• **Input data**
--*--

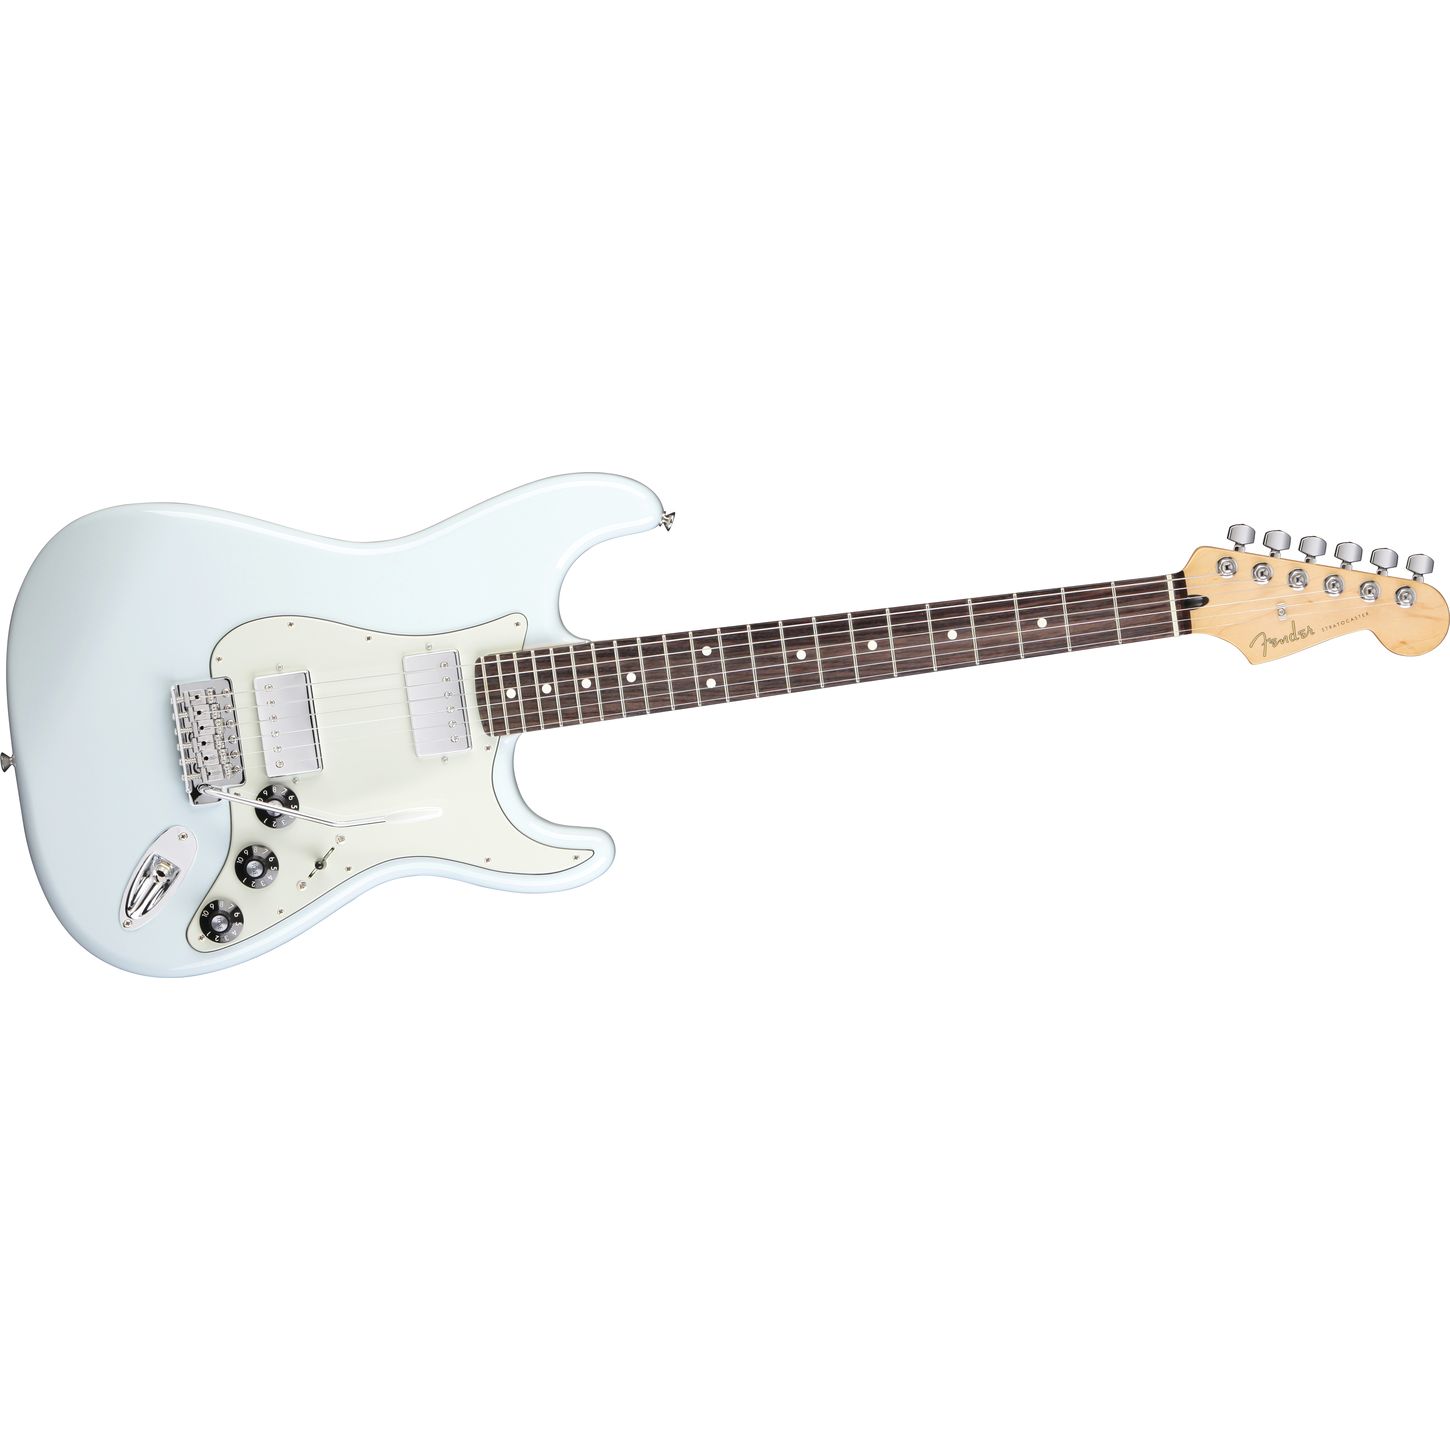 Fender Stratocaster Blacktop Hh Review
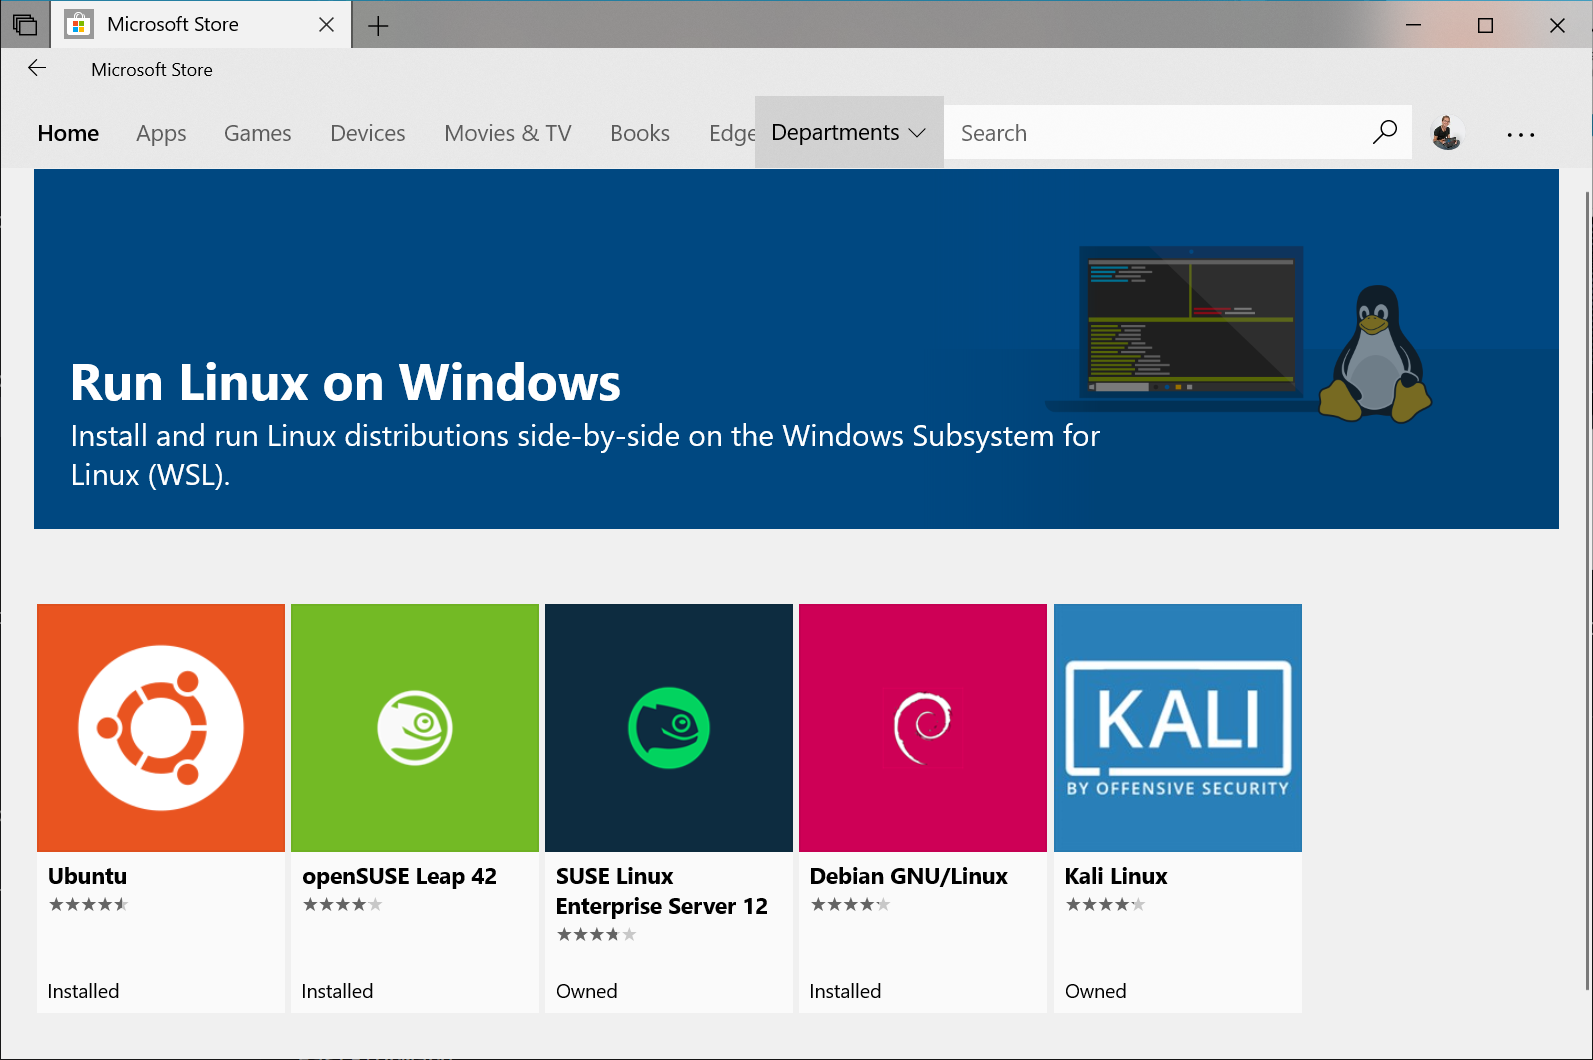 Some Linux distributions available on Windows store (Ubuntu, SuSE, Kali, etc.)
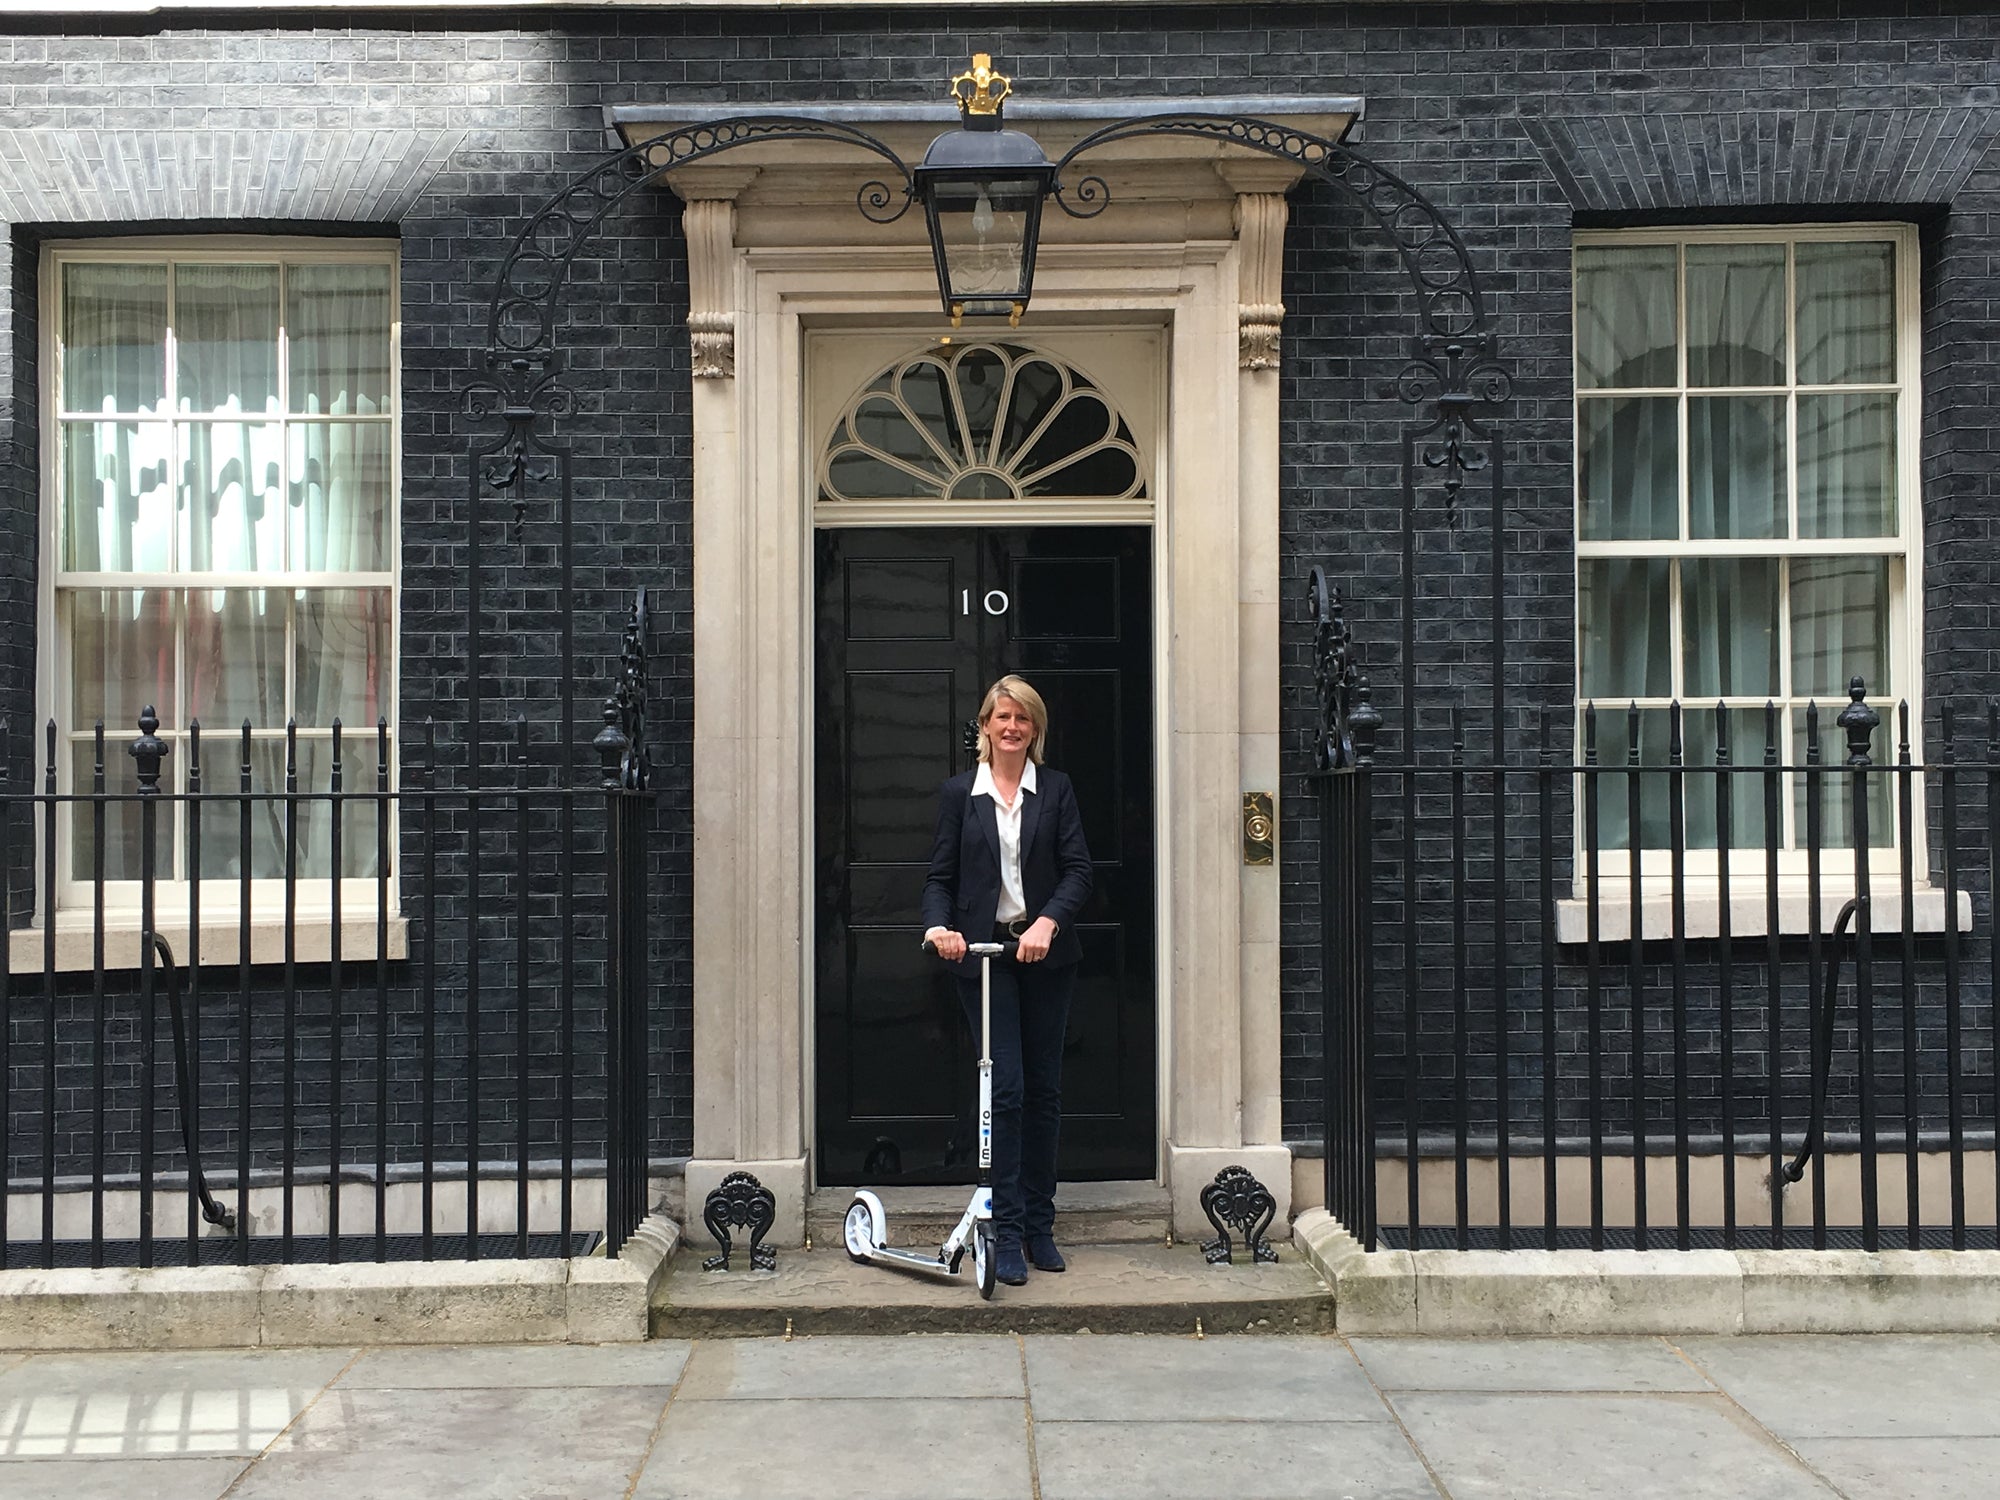 A scoot to 10 Downing Street
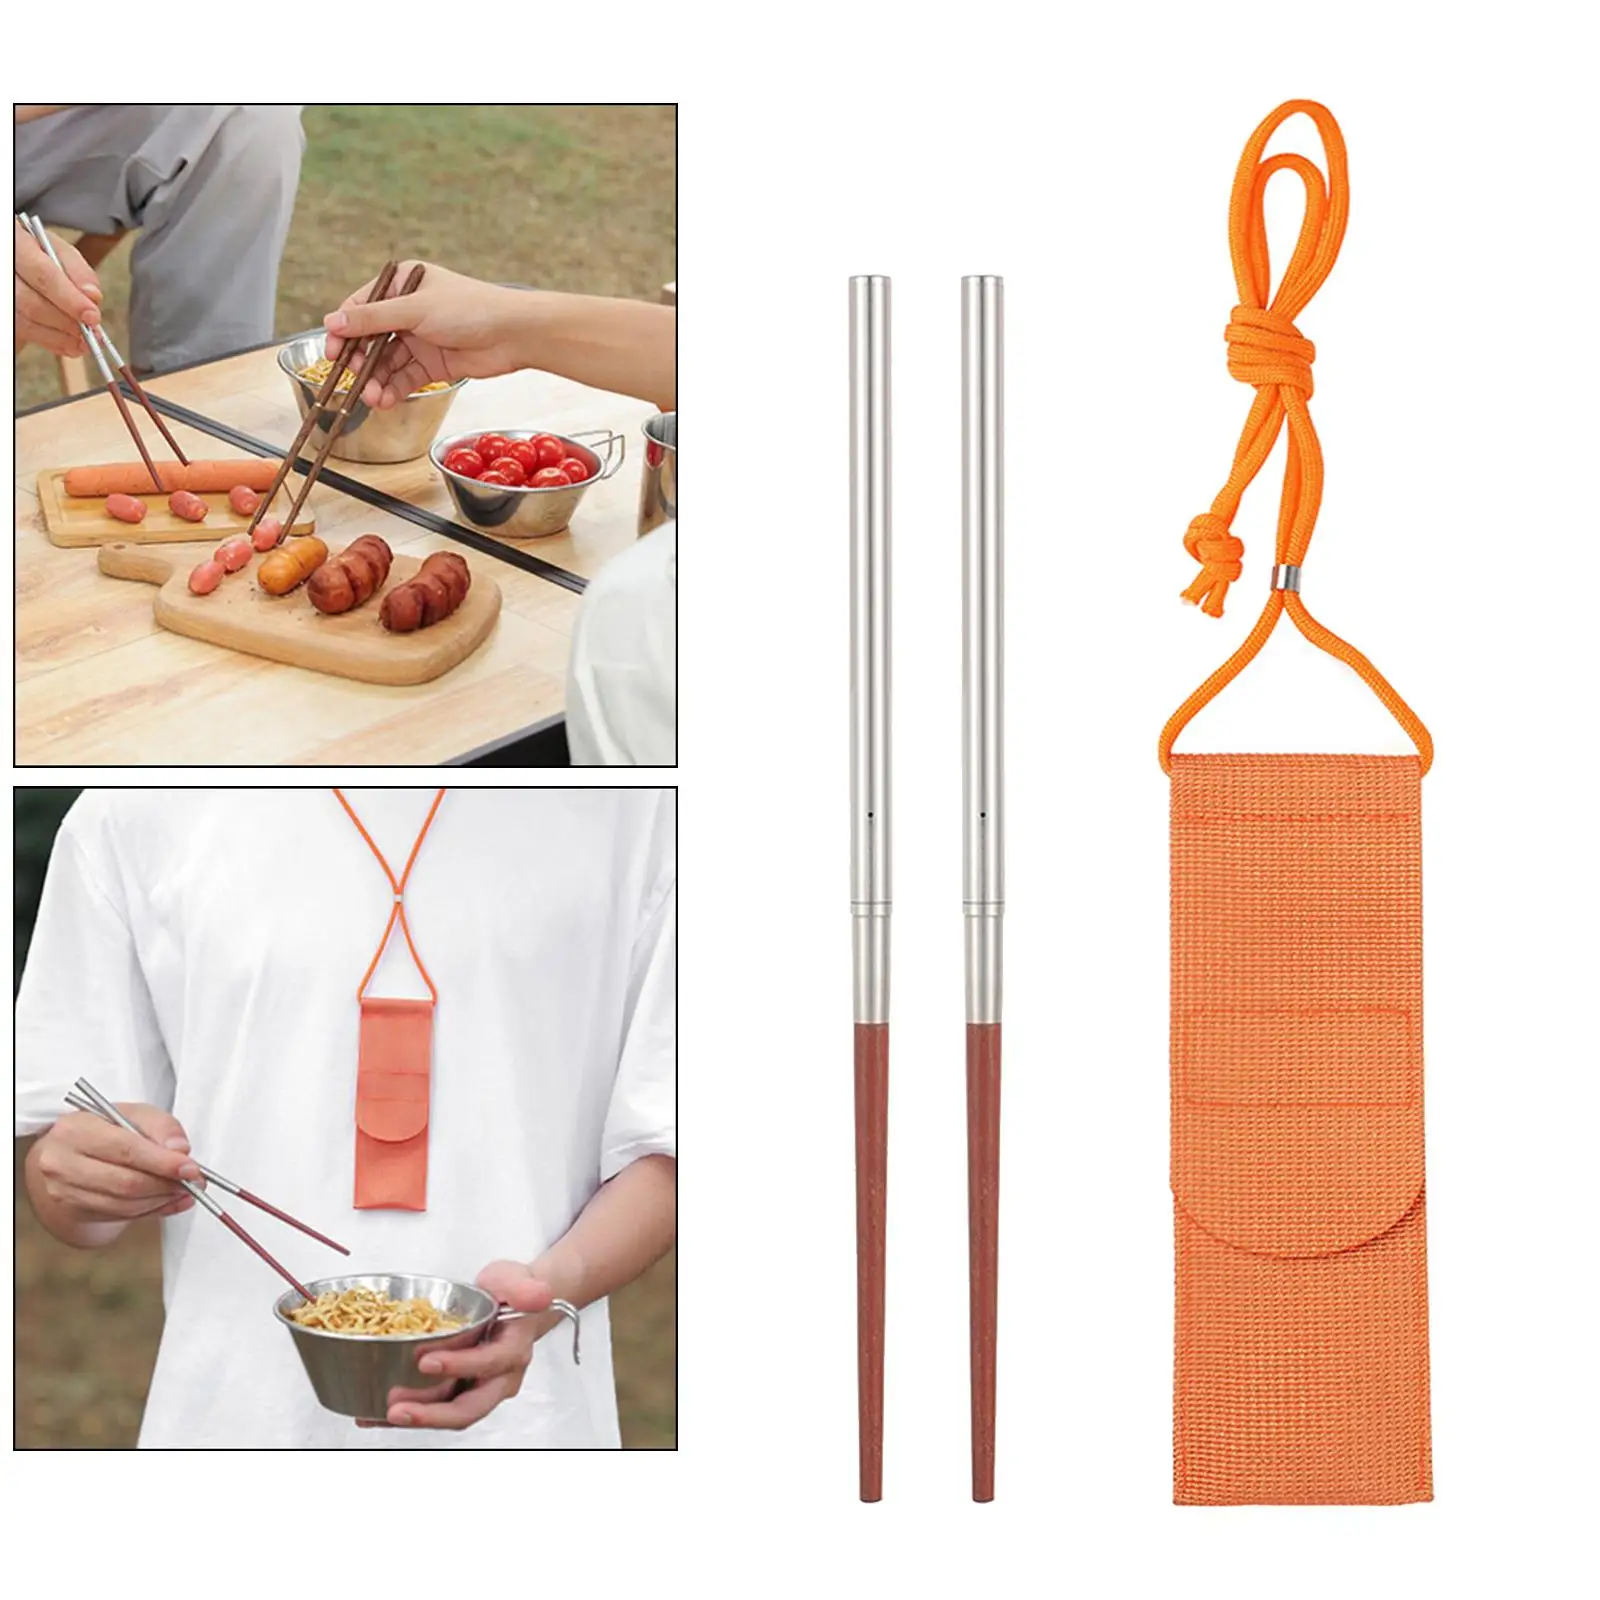 Screw-on / Separate Stainless Steel Wooden Chopsticks Reusable Travel Foldable Chopsticks with Pouch

--*--

• **Prompt**
Starting at the line that holds "A scoot to 10 Downing Street", write out every remaining line of the material above exactly as it appears. Pictures should not be copied.

• **Problem solution**
 A scoot to 10 Downing Street
 Screw-on / Separate Stainless Steel Wooden Chopsticks Reusable Travel Foldable Chopsticks with Pouch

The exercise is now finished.